在本实施例中,根据接收到的查询语句在查询缓存区中进行检索,其中,上述查询缓存区中保存有历史执行信息;在检索到与上述查询语句对应的历史执行信息的情况下,根据历史执行信息进行查询。使得分布式数据库在查询过程中可以节省部分执行树的生成过程,从而降低分布式数据库查询的时延并提高并发度。
图2是本实施例提供的分布式数据库查询方法流程图二,如图2所示,上述S102可以通过如下方式实现:
对上述查询语句进行常量替换,并对替换后的查询语句进行哈希计算,生成对应的哈希值,然后根据该哈希值在上述查询缓存区中进行检索。
本实施例中的查询语句可以为结构化查询语言(Structured Query Language,SQL)语句,一个SQL语句中可能有多个常量值。如图2所示,在S202中,可以对上述SQL语句进行词法分析,得到SQL语句中的常量值;在S204中,将得到的SQL语句中的至少一个常量值按顺序记录在一个数组中;在S206中,使用占位符替换上述常量值;在S208中对常量替换后的SQL语句进行哈希计算生成哈希值;在S210中以该哈希值为键(KEY)值,在上述查询缓存区中进行检索。
比如查询语句为“Select t1.a from t1 where t1.id=30”,经过词法分析可找出 其中的常量值为“30”,则可用占位符“?”将“30”进行替换,变成“Select t1.a from t1 where t1.id=?”。然后对被替换后的语句经过哈希计算得到一个整型值:0x87653127,将该整型值作为该查询语句的KEY值到上述查询缓存区中进行检索,如果检索到相同的KEY值,则认为该相同KEY值所对应的历史执行信息与本实施例中的查询语句“Select t1.a from t1 where t1.id=30”相对应,从而执行上述S104了,采用上述KEY值对应的历史执行信息进行查询。
可选地,上述历史执行信息可以包括表数据分布信息、目的数据库信息和常量替换的位置信息中的一项或多项。表数据分布信息可以指示出表数据分布的节点,目的数据库信息可以表示出上述查询语句应当下发的数据库,常量替换的位置信息可以指示出被替换的常量在查询语句中的位置。这些历史执行信息都可以是根据历史查询过程中的查询语句计算出并缓存起来的。

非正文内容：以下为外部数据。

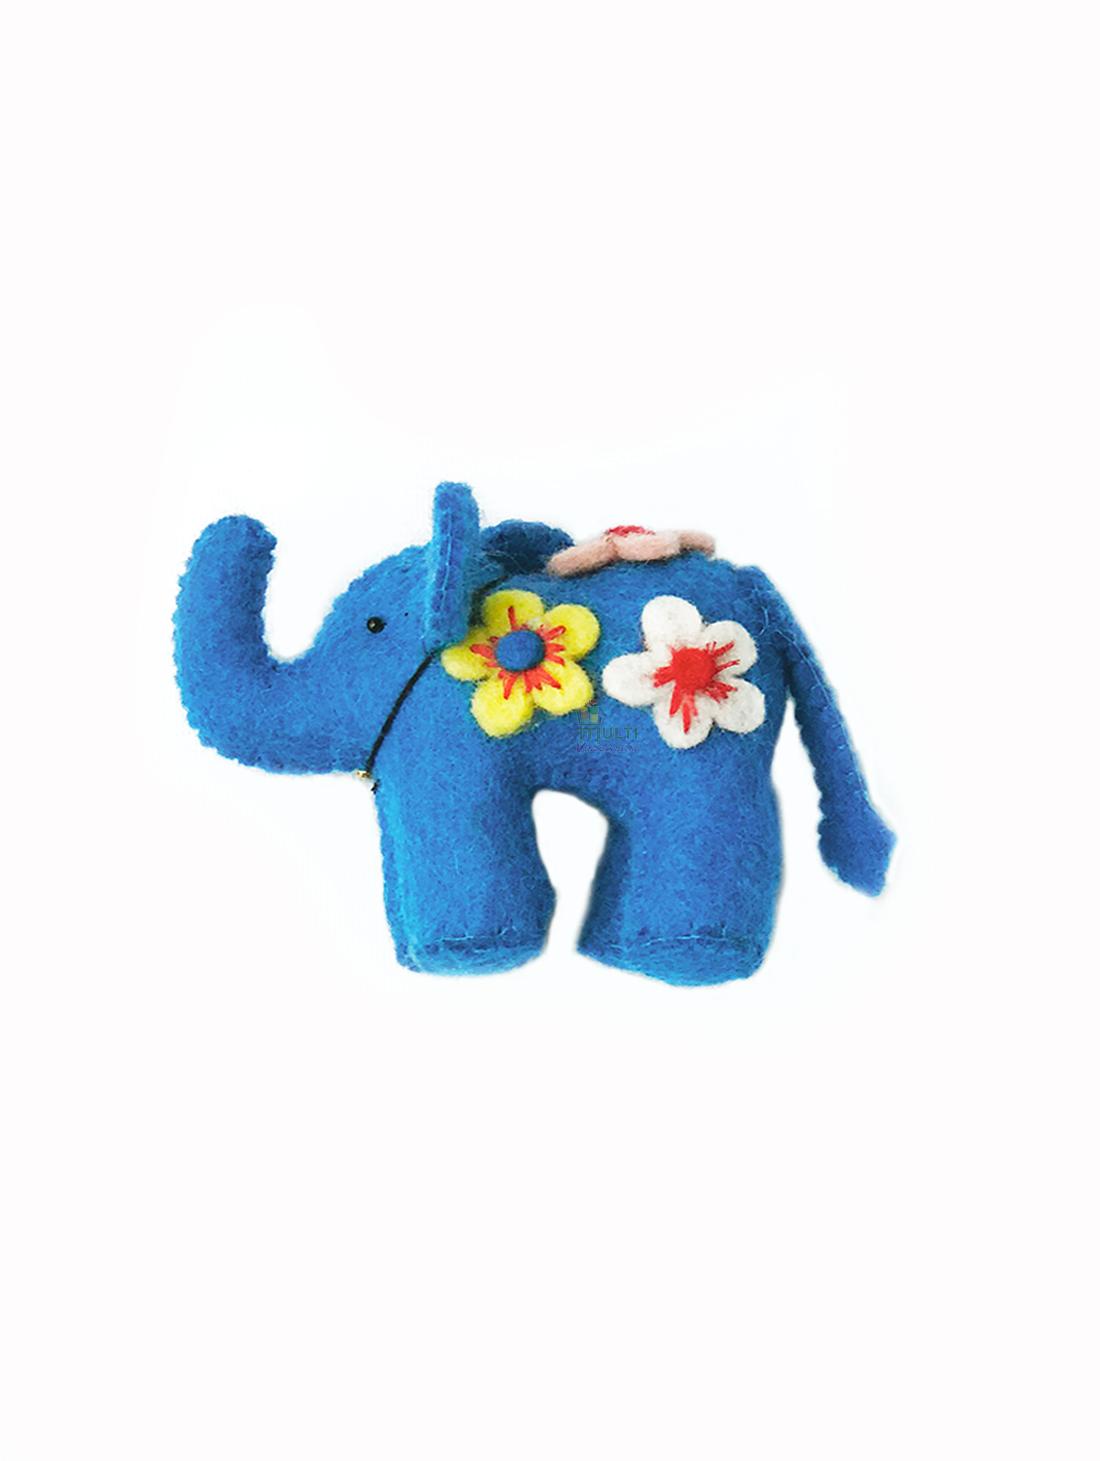 BLUE  ELEPHANT DECOR -SMALL- M.V.K.S.F-174A

如图2所示,在S212中,当根据查询语句检索到相应的历史执行信息时,提取该历史执行信息;在S214中,可以根据该历史执行信息以及常量值信息计算出要查询的数据节点;在S216中,执行查询,从对应的数据节点上获取相应的数据。
可选地,在根据接收到的查询语句到查询缓存区中进行检索之前,还包括:收集历史查询过程中的执行信息;在所述历史执行信息符合预设规则的情况下,将历史执行信息保存到上述查询缓存区中。
可选地,在根据接收到的查询语句在查询缓存区中进行检索之后,还包括:
收集查询过程中的执行信息;以及在判断所述执行信息符合预设规则的情况下,将所述执行信息保存到所述查询缓存区中。
其中,还可以在根据接收到的查询语句到查询缓存区中进行检索之后收集此次查询过程中的执行信息,并且,无论是否检索到对应的历史执行信息,都 可以收集此次查询过程中的执行信息。
图3是本实施例提供的分布式数据库查询方法流程图三,如图3所示,该方法可以包括如下步骤。
在S302中,在检索了上述查询缓存区且未检索到对应的历史执行信息时,则对该查询语句(即SQL语句)执行正常的分布式查询流程。
例如,对检索语句进行语法分析,并生成相应的执行树,依据执行树在分布式数据库中进行查询,得到相应的查询结果。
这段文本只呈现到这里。